* Aim of the exercise
Return the listing below unchanged, but without pictures.

* Given data
----

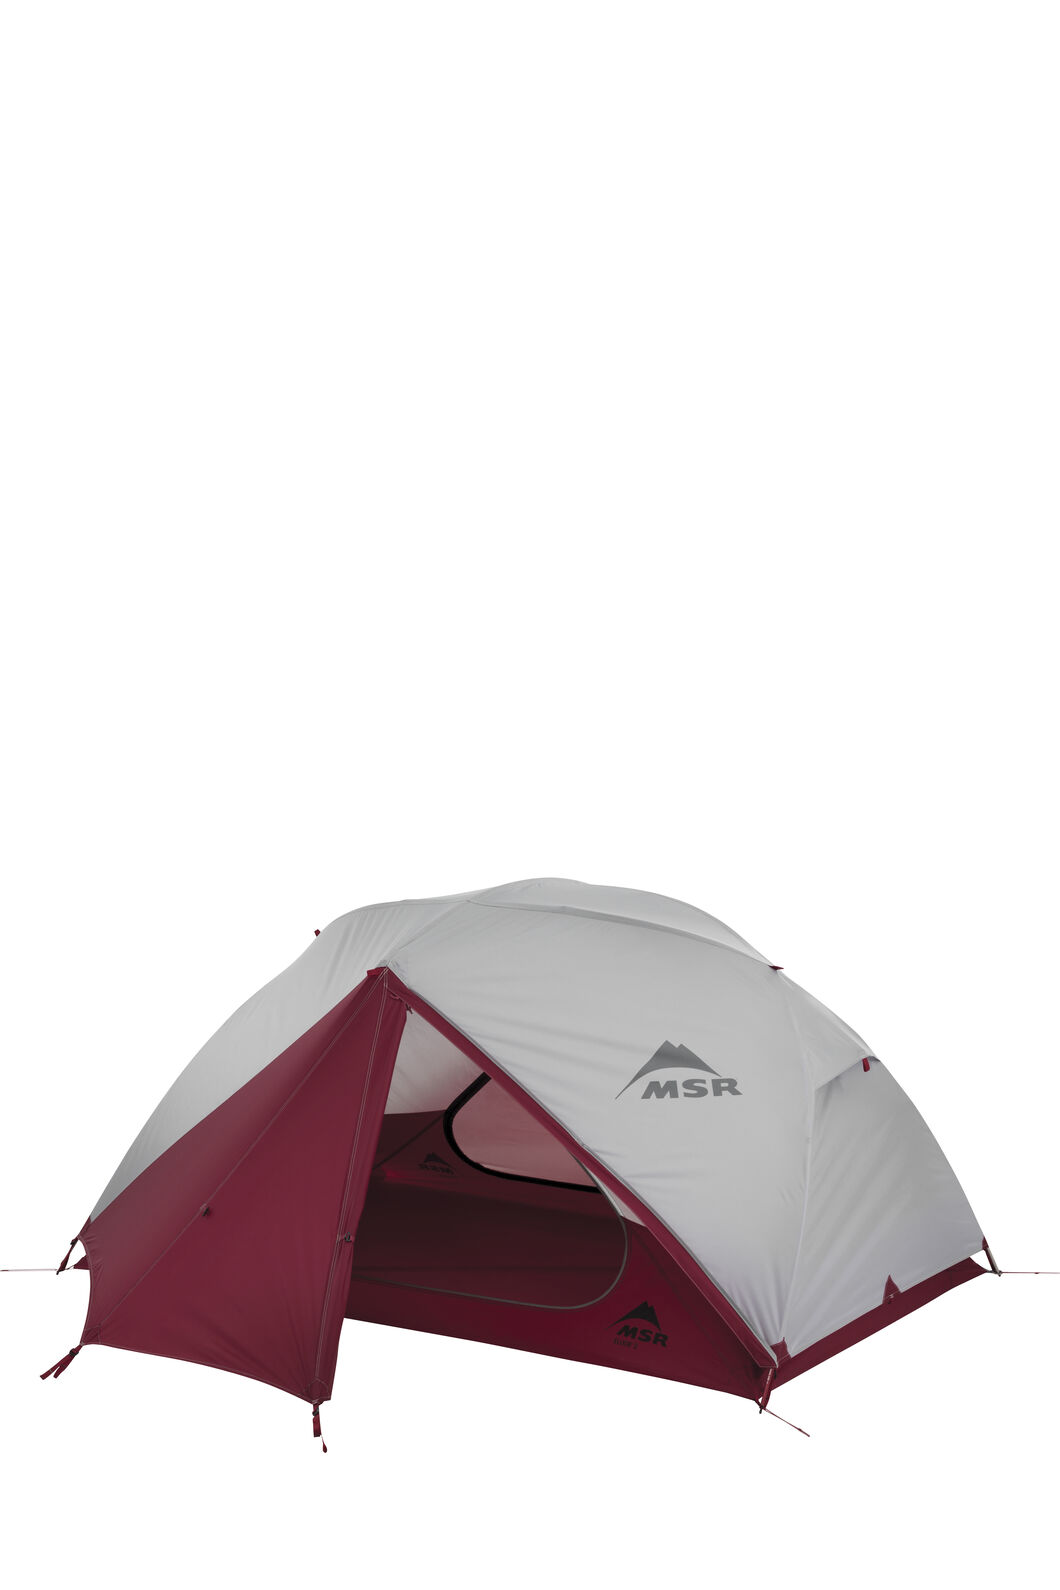 MSR Elixir™ 2 Tent | Macpac
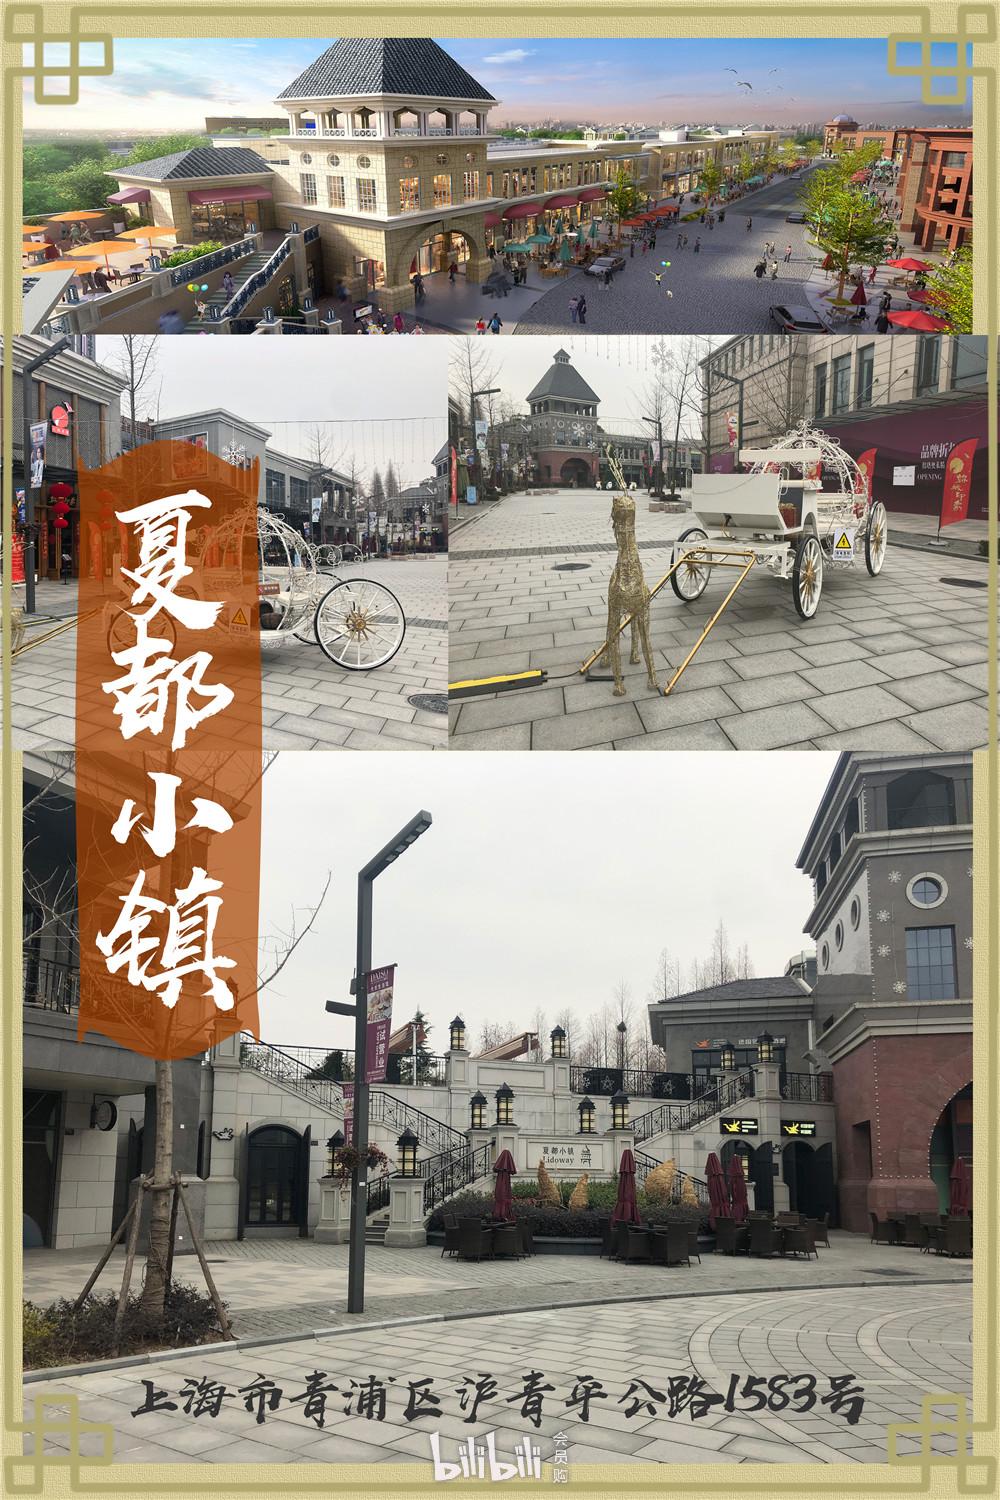 上海夏都小镇景点介绍图片
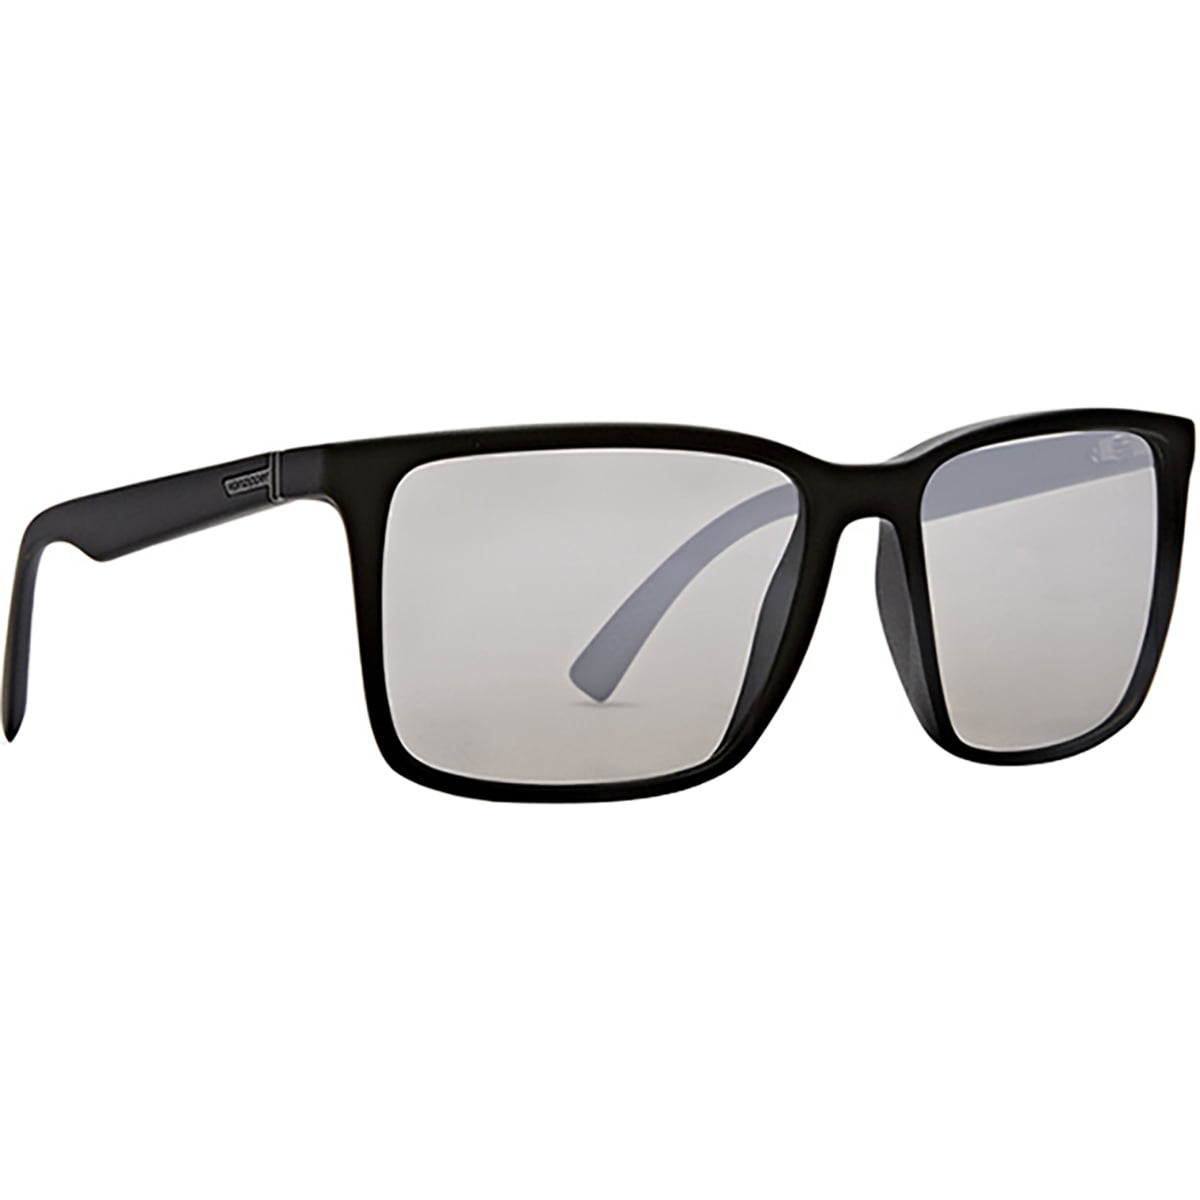 VonZipper - VonZipper Men's Lesmore Sunglasses,OS,Black/Grey - Walmart ...
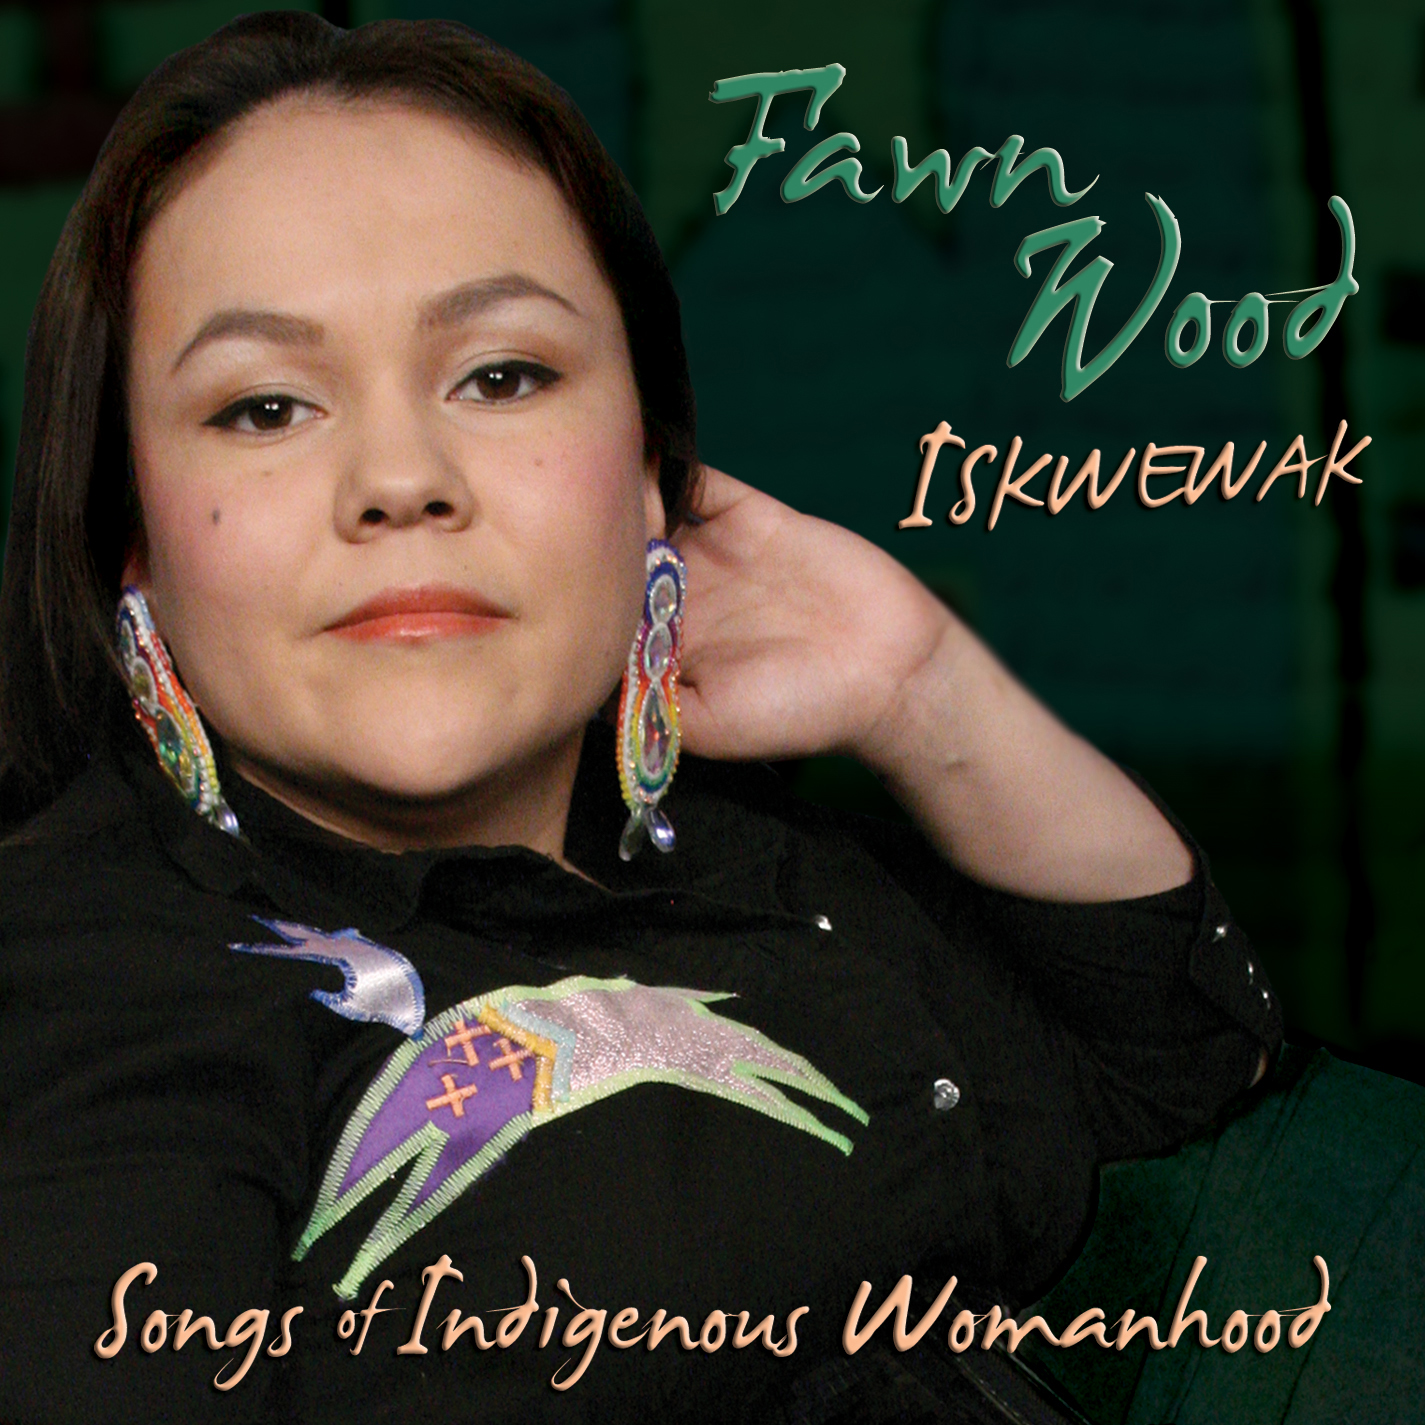 ISKWEWAK: SONGS OF INDIGENOUS WOMANHOOD

----

* Answer box
 MSR Elixir™ 2 Tent | Macpac
 上海夏都小镇景点介绍图片
 VonZipper - VonZipper Men's Lesmore Sunglasses,OS,Black/Grey - Walmart ...
 ISKWEWAK: SONGS OF INDIGENOUS WOMANHOOD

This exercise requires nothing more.